Students walking Firestone Library Plaza

Board approves six faculty appointments

The Princeton University Board of Trustees has approved the appointment of six faculty members, including two full professors and four assistant professors.

Professor

Frances Lee, in politics and public affairs, joins Princeton this fall from the University of Maryland, where she has been on the faculty since 2004. Previously, Lee taught in the political science department at Case Western Reserve University from 1998 to 2003. In 2002-2003, she worked on Capitol Hill as an American Political Science Association Congressional Fellow.

Specializing in American governing institutions, and especially the U.S. Congress, Lee’s work has received national recognition, including the American Political Science Association's Richard F. Fenno Award for the best book on legislative politics. She earned her Ph.D. from Vanderbilt University and B.A. from the University of Southern Mississippi.

Patrick Sharkey, in sociology and public affairs, joins the faculty this summer. He comes to Princeton from New York University, where he chairs the Department of Sociology and is an affiliated faculty member at the Robert F. Wagner School for Public Service. He also is scientific director at Crime Lab New York.

An expert in urban inequality, crime and violence, Sharkey recently published the book “Uneasy Peace: The Great Crime Decline, the Renewal of City Life, and the Next War on Violence.” He received his Ph.D. from Harvard University and B.A. from Brown University.

Assistant professor

Danqi Chen, in computer science, joins the faculty this fall from Stanford University, where she completed her Ph.D.

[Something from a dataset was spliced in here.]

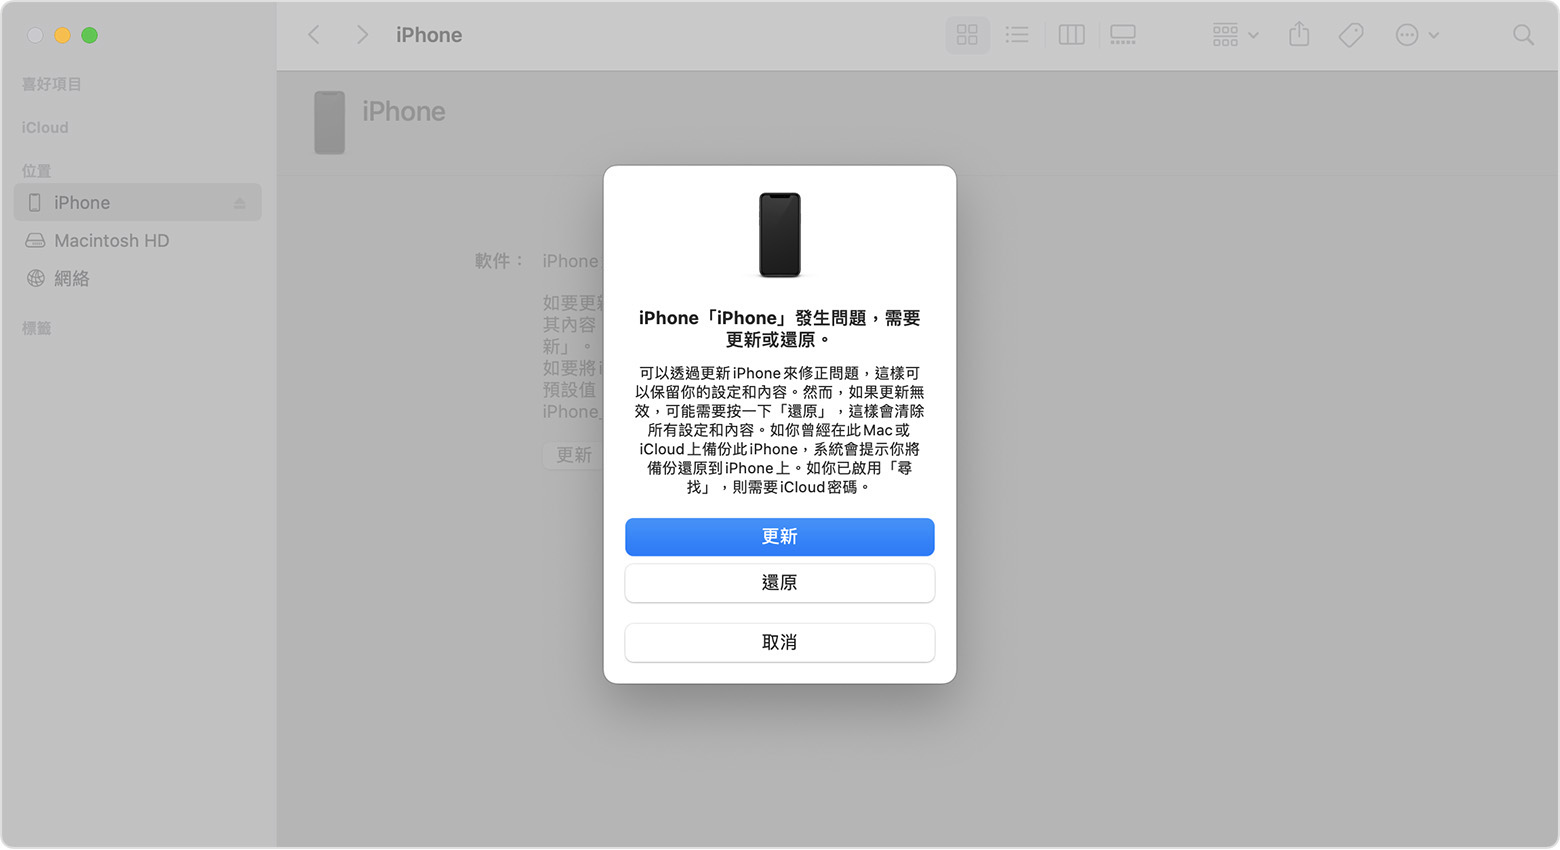 Mac 上的 Finder 視窗正顯示用於還原或更新 iPhone 的選項。

Chen’s research interests focus on deep learning for natural language processing, with particular interest in the intersection between text understanding and knowledge representation/reasoning. She was granted a B.S.E. from Tsinghua University.

Catherine Jensen Peña, in the Princeton Neuroscience Institute, joined the faculty this winter from a postdoctoral fellowship at the Icahn School of Medicine at Mount Sinai.

Peña received her Ph.D. from Columbia University and her B.A. from the University of Pennsylvania. Her research examines the neurobiological mechanisms through which early environmental experiences are encoded and maintained into adulthood to have long-lasting impact on behavior, with particular focus on how early life stress increases risk for depression, addiction and other psychiatric syndromes.

Gleason Judd, in politics, joined the faculty this winter following the completion of his doctoral work at the University of Rochester. He earned his B.A. from the State University of New York at Binghamton.

Specializing in formal political theory and political economy, Judd is interested in how democratic political institutions shape executive and legislative policymaking.

Andreas Wiedemann, in politics and international affairs, joins the faculty this summer from the University of Oxford, where he is a postdoctoral prize research fellow in politics. Wiedemann received a Ph.D. from the Massachusetts Institute of Technology, M.Sc. from the London School of Economics and B.A. from the University of Passau.

His research concentrates on political economy and comparative politics of advanced democracies, focusing on financial markets, wealth inequality and social policies.